Omeprazole starts suppressing acid shortly after a dose, but you likely won’t feel noticeable heartburn relief for one to four days. Full symptom improvement typically takes about two weeks of consistent daily use. For erosive esophagitis, healing can take four to eight weeks. This delay is normal and doesn’t mean the medication isn’t working.
Common Side Effects
Omeprazole’s short-term safety profile is considered good, with fewer than 1% to 2% of people needing to stop the medication because of side effects. The most commonly reported issues are headache, abdominal pain, nausea, and diarrhea. These tend to be mild and often resolve on their own as your body adjusts.
Risks of Long-Term Use
Most concerns about omeprazole relate to taking it continuously for months or years, which is common for people with chronic GERD. The FDA has issued warnings about several potential long-term risks, though the absolute risk for any individual remains small.
Bone fractures are the most studied concern. A meta-analysis found that PPI users had a modestly increased risk of hip fractures (about 22% higher than nonusers) and spine fractures (about 49% higher). However, the same research found no clear link between PPI use and actual bone mineral density loss, which makes the relationship somewhat uncertain. The mechanism may involve reduced calcium absorption due to lower stomach acid levels.
Low magnesium levels are another FDA-flagged risk. Stomach acid plays a role in mineral absorption, and suppressing it long-term can occasionally lead to magnesium deficiency, which may cause muscle cramps, irregular heartbeat, or seizures in severe cases. Vitamin B12 deficiency is also possible with prolonged use, since stomach acid helps release B12 from food.
Gut infections are a less obvious risk. Stomach acid serves as a barrier against certain bacteria, and reducing it may increase susceptibility to intestinal infections.
Notable Drug Interactions
Omeprazole interacts meaningfully with several medications. The most clinically important involves clopidogrel, a blood thinner often prescribed after heart attacks or stent placement. Omeprazole interferes with the liver enzyme that activates clopidogrel, potentially making the blood thinner less effective. Of all proton pump inhibitors, omeprazole is considered the most likely to cause this interaction.

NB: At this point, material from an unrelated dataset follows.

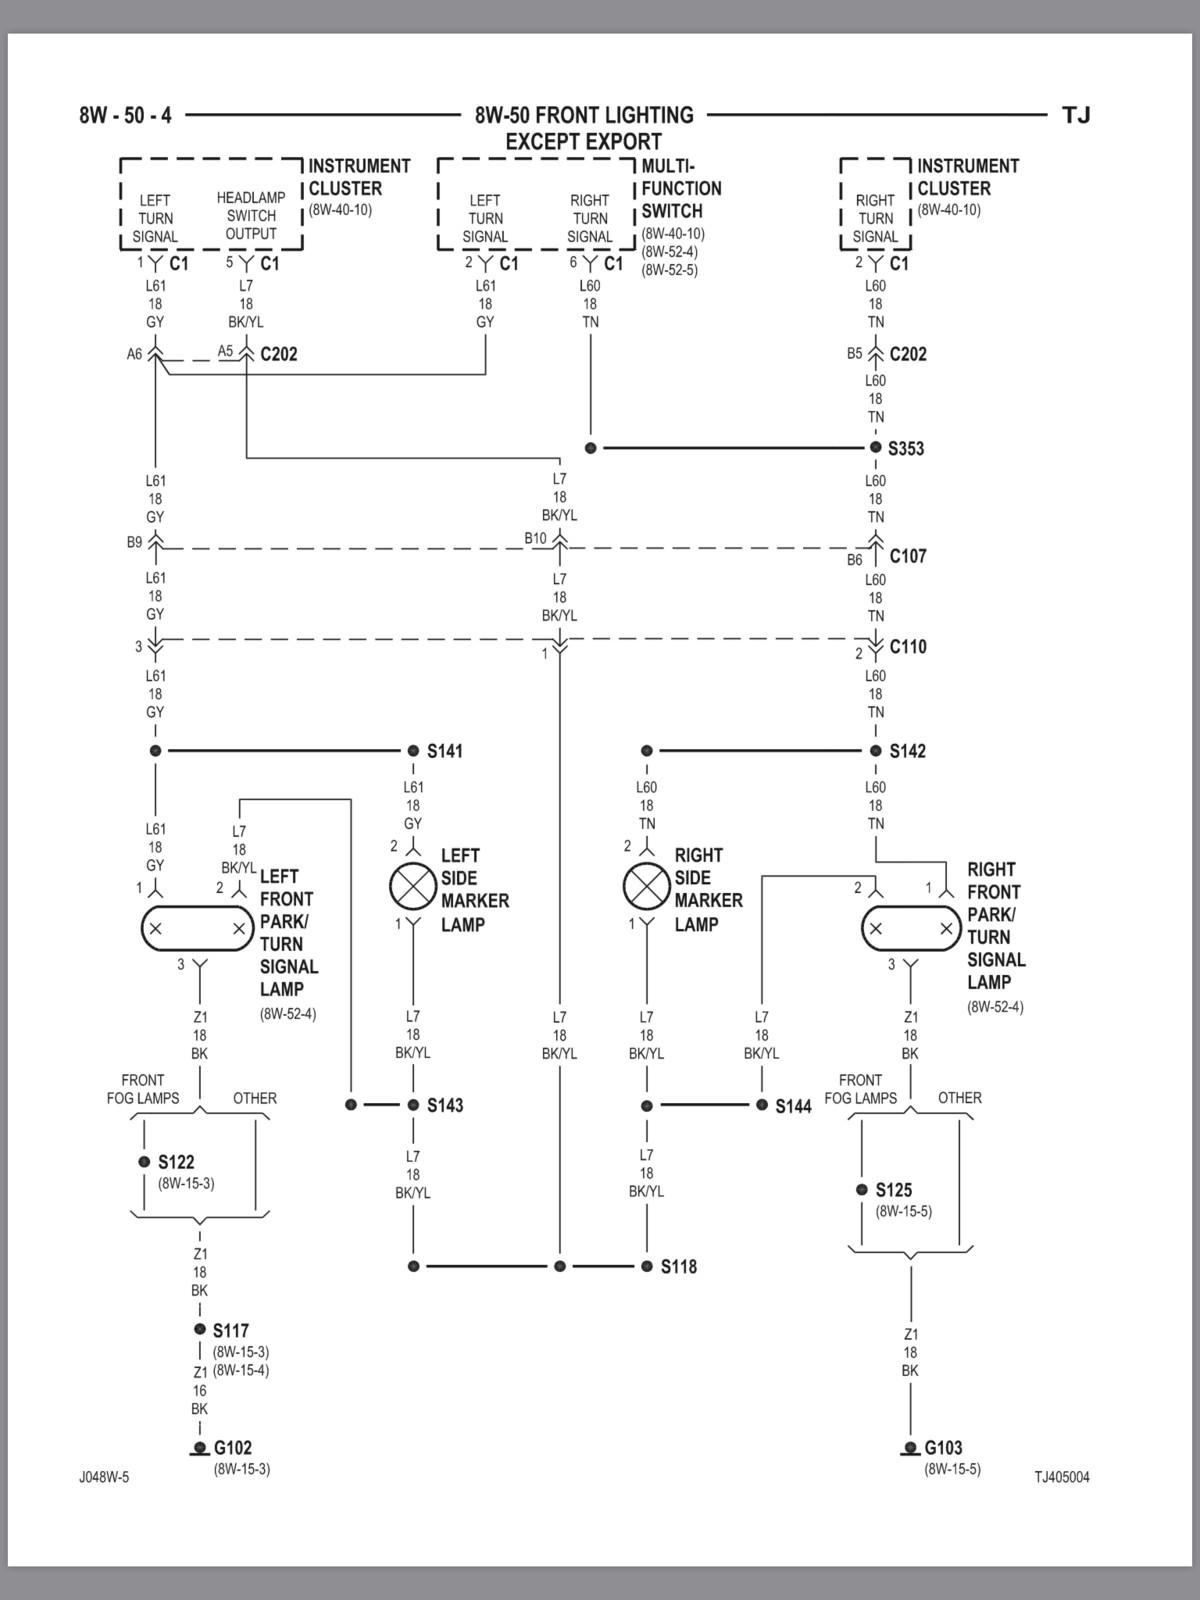 Basic Turn Signal Wiring Diagram Military Turn Signal Switch Wiring Diagram Wiring Diagram Of Basic Turn Signal Wiring Diagram
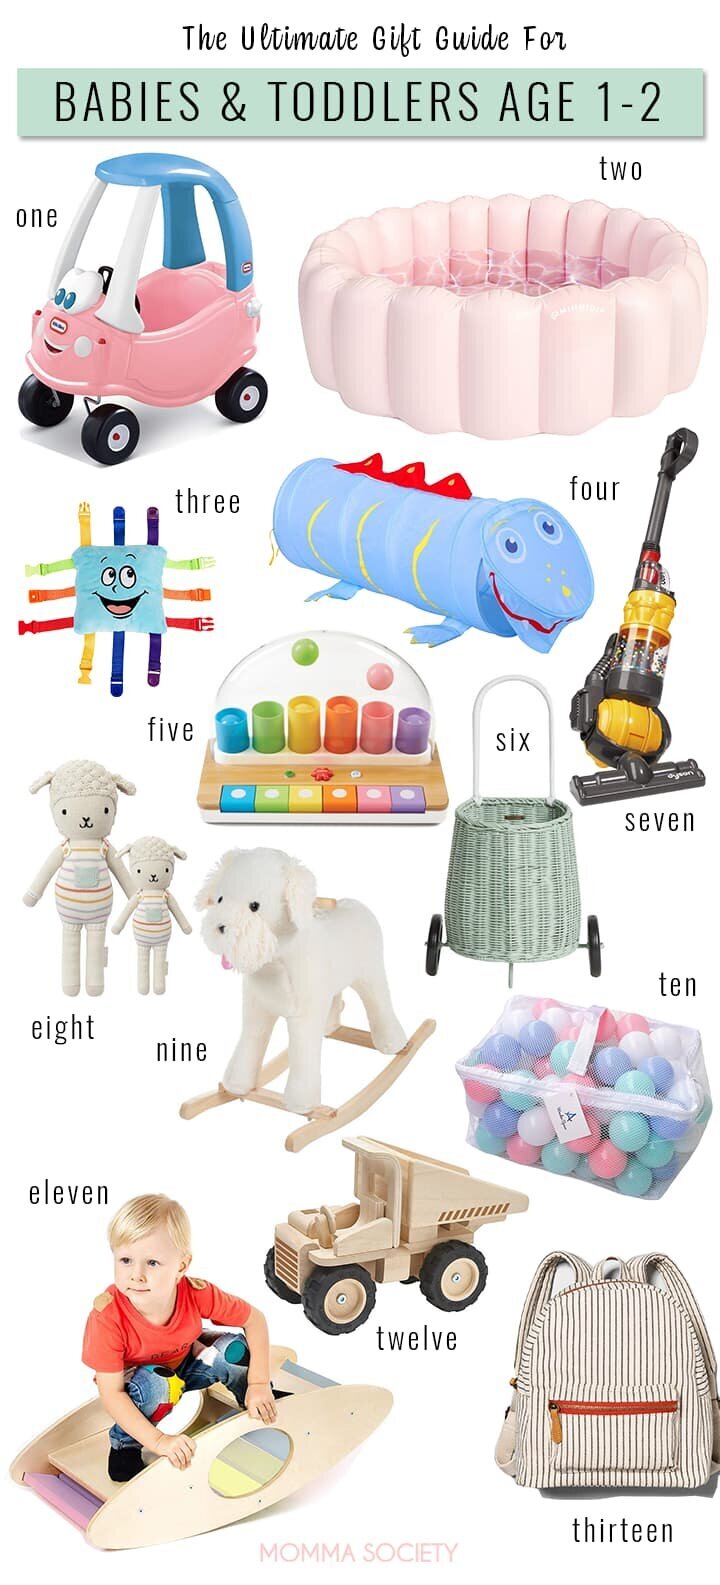 Christmas gift ideas for kids age 3-5 - Adele Jennings - Irish Mirror Online

If you take methotrexate for autoimmune conditions or cancer, omeprazole can slow your body’s ability to clear the drug, increasing the risk of methotrexate toxicity by about 2.6 times. Several HIV medications are also affected: omeprazole can reduce absorption of certain antivirals by 42% to 75%, which could compromise HIV treatment. If you’re on any of these medications, your prescriber will likely choose a different acid-reducing strategy.
Safety During Pregnancy
A controlled study of 113 pregnant women exposed to omeprazole found no increased risk of major birth defects compared to women who took non-harmful medications (4% vs. 2%, a difference that was not statistically significant). Birth weight, gestational age, and rates of complications were comparable across groups. Exposure during the critical period of organ formation in early pregnancy was not associated with increased risk of malformations, and use throughout pregnancy showed no increased risk of miscarriage or other complications.